The core idea of ​​the token bucket algorithm is to limit the number of concurrent requests through the number of tokens in the bucket, while the token generator can control the processing rate of requests. In Redis, the token bucket algorithm can be implemented by using ordered sets. For example, members in an ordered set can be represented as tokens, and their scores represent the token's expiration timestamp. When a request comes, you can use the ZREVRANGEBYSCORE command to obtain the number of unexpired tokens in the current bucket.

2. Leaky bucket algorithm

The leaky bucket algorithm is also a common current limiting algorithm. The difference between it and the token bucket algorithm is that the leaky bucket algorithm does not behave like the token bucket algorithm. Instead of generating tokens periodically like the card bucket algorithm, it maintains a constant outflow rate and distributes requests evenly over different time periods. This can effectively handle request traffic smoothly and prevent sudden requests from causing service instability.

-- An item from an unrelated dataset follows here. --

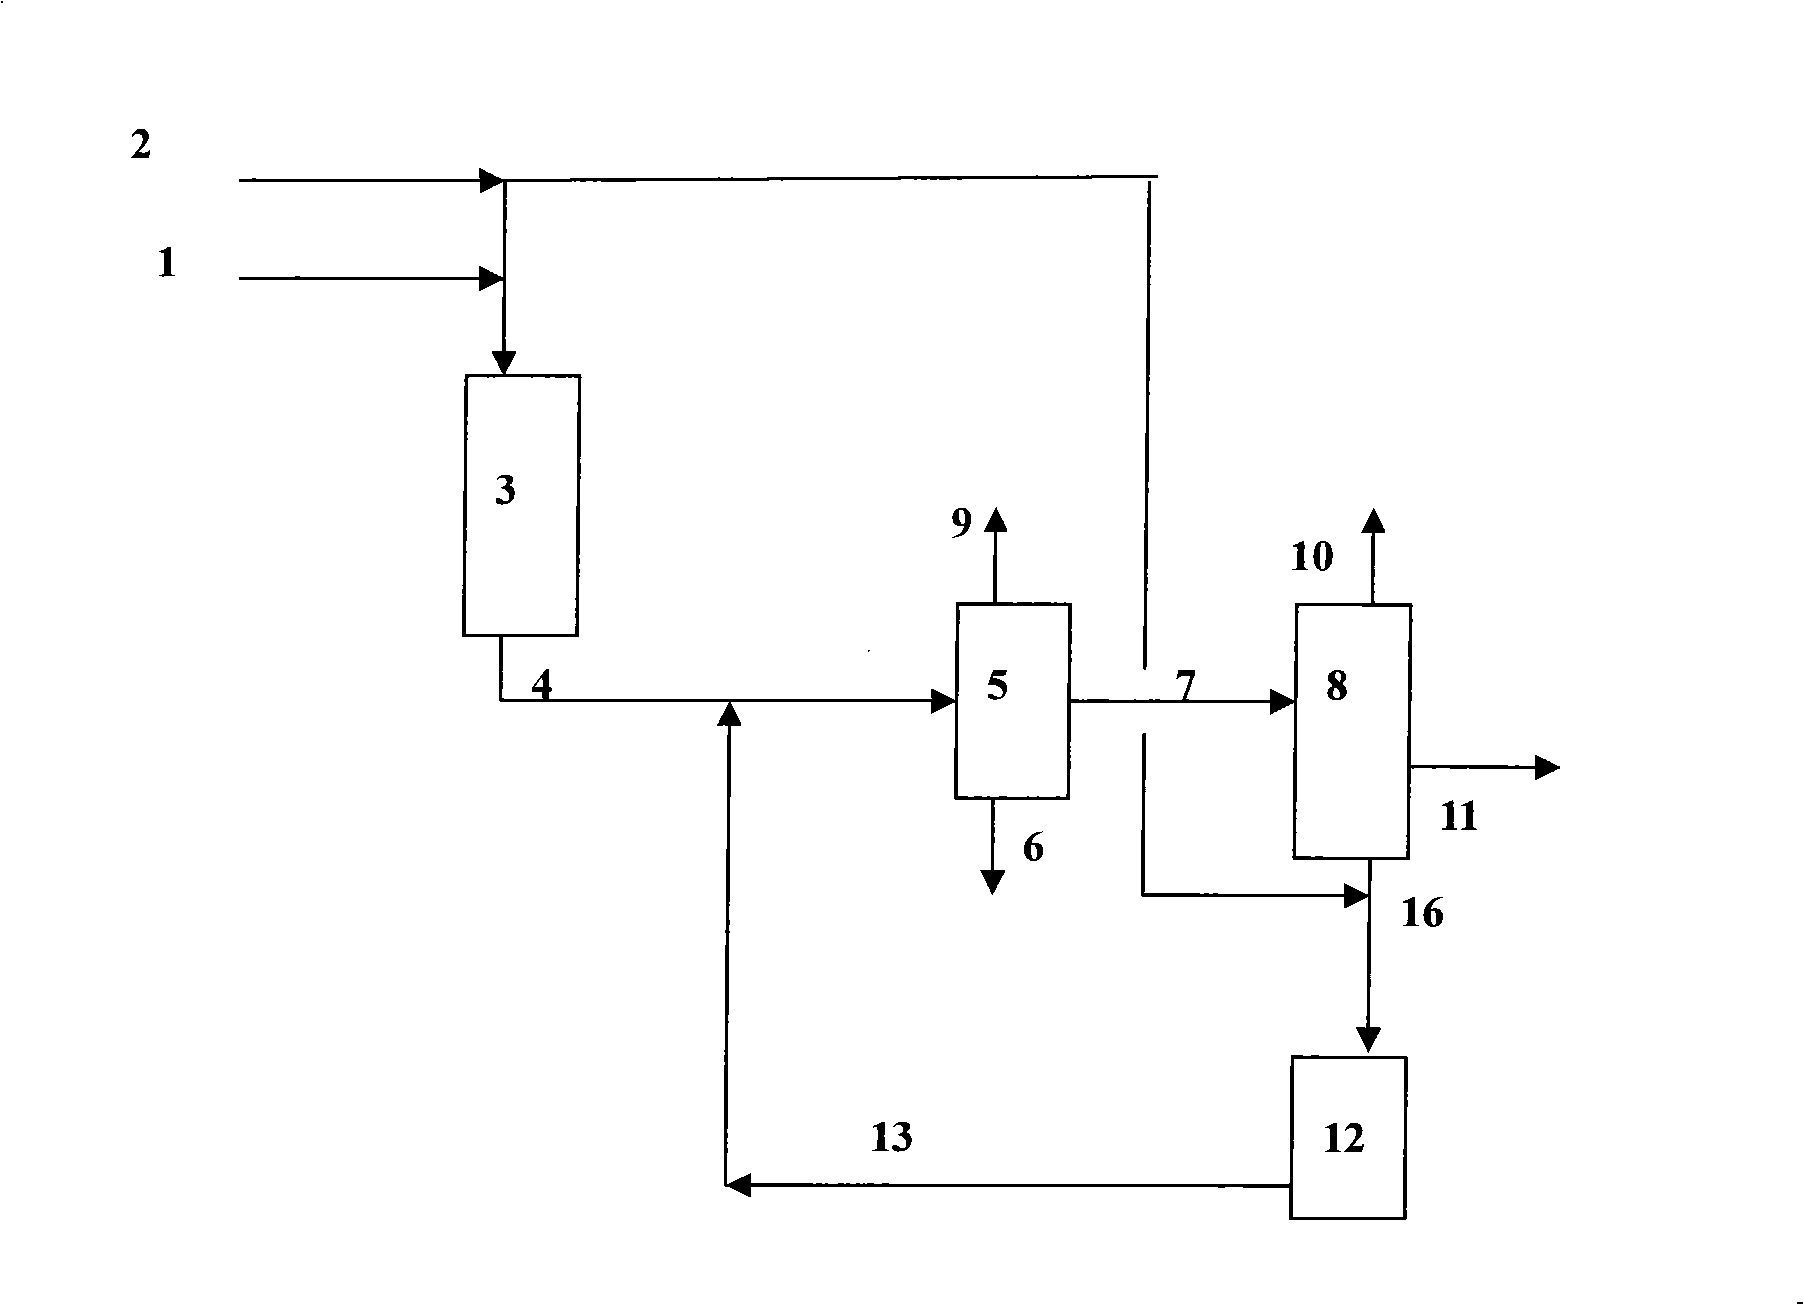 Method for preparing fuel oil with coal oil hydrogenation

In Redis, you can use a zset to simulate a leaky bucket, where each member represents a request, and its score represents the timestamp of the request's arrival. When a new request arrives, you can use the ZREVRANGE command to obtain the number of requests in the current leaky bucket to determine whether to allow the new request to pass. If allowed to pass, new requests are added to the zset and expired requests are removed from the zset using the ZREMRANGEBYSCORE command.

3. Counter algorithm

The counter algorithm is a simple and crude current limiting algorithm. It is based on a counter and a time window. When the number of requests within the time window reaches a certain When the threshold is reached, subsequent requests will be rejected. In Redis, you can use a counter and an expiration time to implement the counter algorithm. For example, you can use the INCR command to increment the counter. When the counter exceeds the specified threshold, it means that there are too many requests and need to be rejected.

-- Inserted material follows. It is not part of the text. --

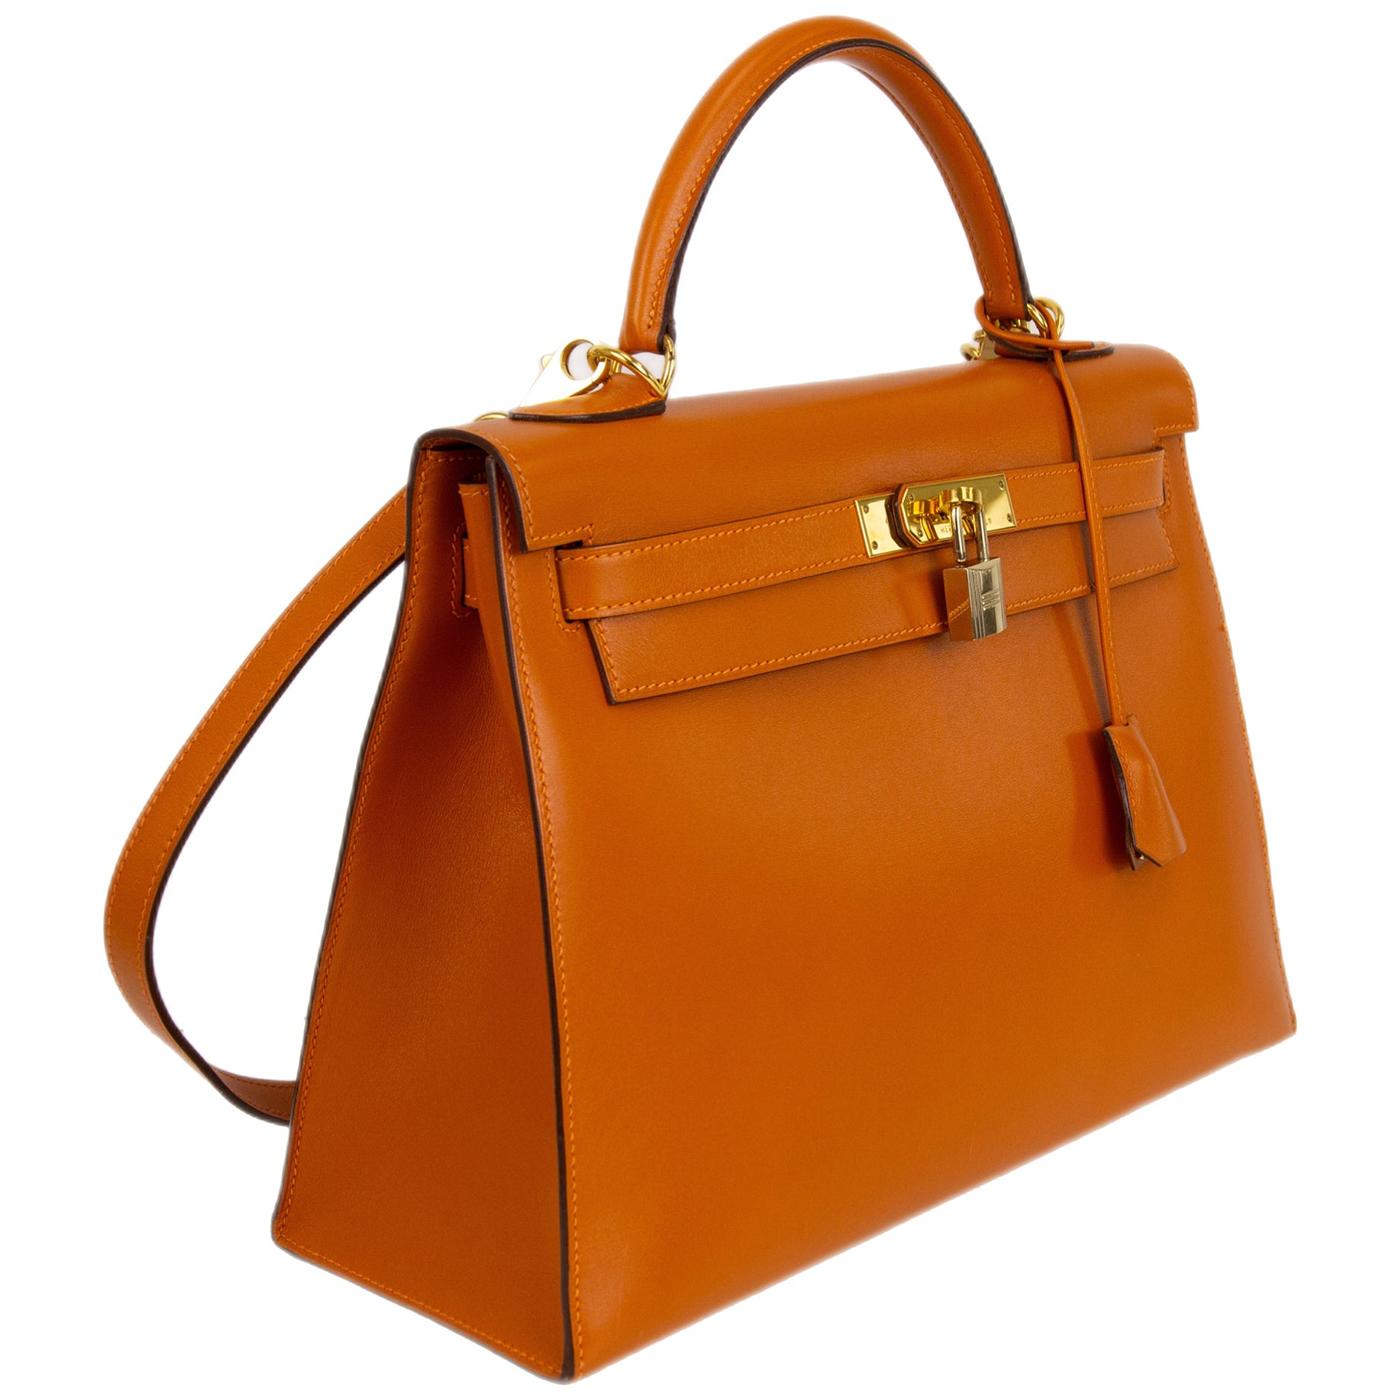 Hermes Kelly Sellier 32 Handbag Potiron with Gold Hardware In Excellent Condition For Sale In Aventura, FL

4. Lua script implementation

In addition to the three common current limiting algorithms mentioned above, you can also use Lua scripts to implement custom current limiting algorithms. Lua scripts can access Redis data structures and commands and have strong flexibility and scalability. For example, a current limiter based on the time window and leaky bucket algorithm can be implemented in a Lua script. The code is as follows:

local limit_key = KEYS[1]
local limit = tonumber(ARGV[1])
local interval = tonumber(ARGV[2])
local current_time = tonumber(redis.call('TIME')[1])
local current_count = #redis.call('zrangebyscore', limit_key, '-inf', '+inf')
redis.call('zremrangebyscore', limit_key, '-inf', current_time - interval)
if current_count < limit then
redis.call('zadd', limit_key, current_time, current_time)
return 1
else
return 0
end

In the above code, limit_key represents the name of the leaky bucket, and limit represents the number of times the leaky bucket can accommodate. The maximum number of requests, interval represents the size of the time window (in seconds), and current_time represents the current timestamp. First, the script uses the zrangebyscore command to obtain the number of unexpired requests in the current leaky bucket. Then, use the zremrangebyscore command to delete expired requests. Next, determine whether the number of requests in the leaky bucket has reached the upper limit. If it has not reached the upper limit, use the zadd command to add new requests to the leaky bucket and return the flag that allows it to pass. Otherwise, a rejection flag is returned. Finally, during business processing, this script needs to be used in conjunction with the EVALSHA command to avoid the overhead of repeatedly compiling Lua code.

Summary

Current limiting is a very important technology in Internet applications. It can smoothly handle high concurrent traffic and ensure the stability and availability of services. In Redis, you can use common current limiting algorithms such as token bucket algorithm, leaky bucket algorithm, and counter algorithm, or you can use Lua scripts to customize the current limiter. These methods can effectively control request traffic and ensure the stability and availability of services.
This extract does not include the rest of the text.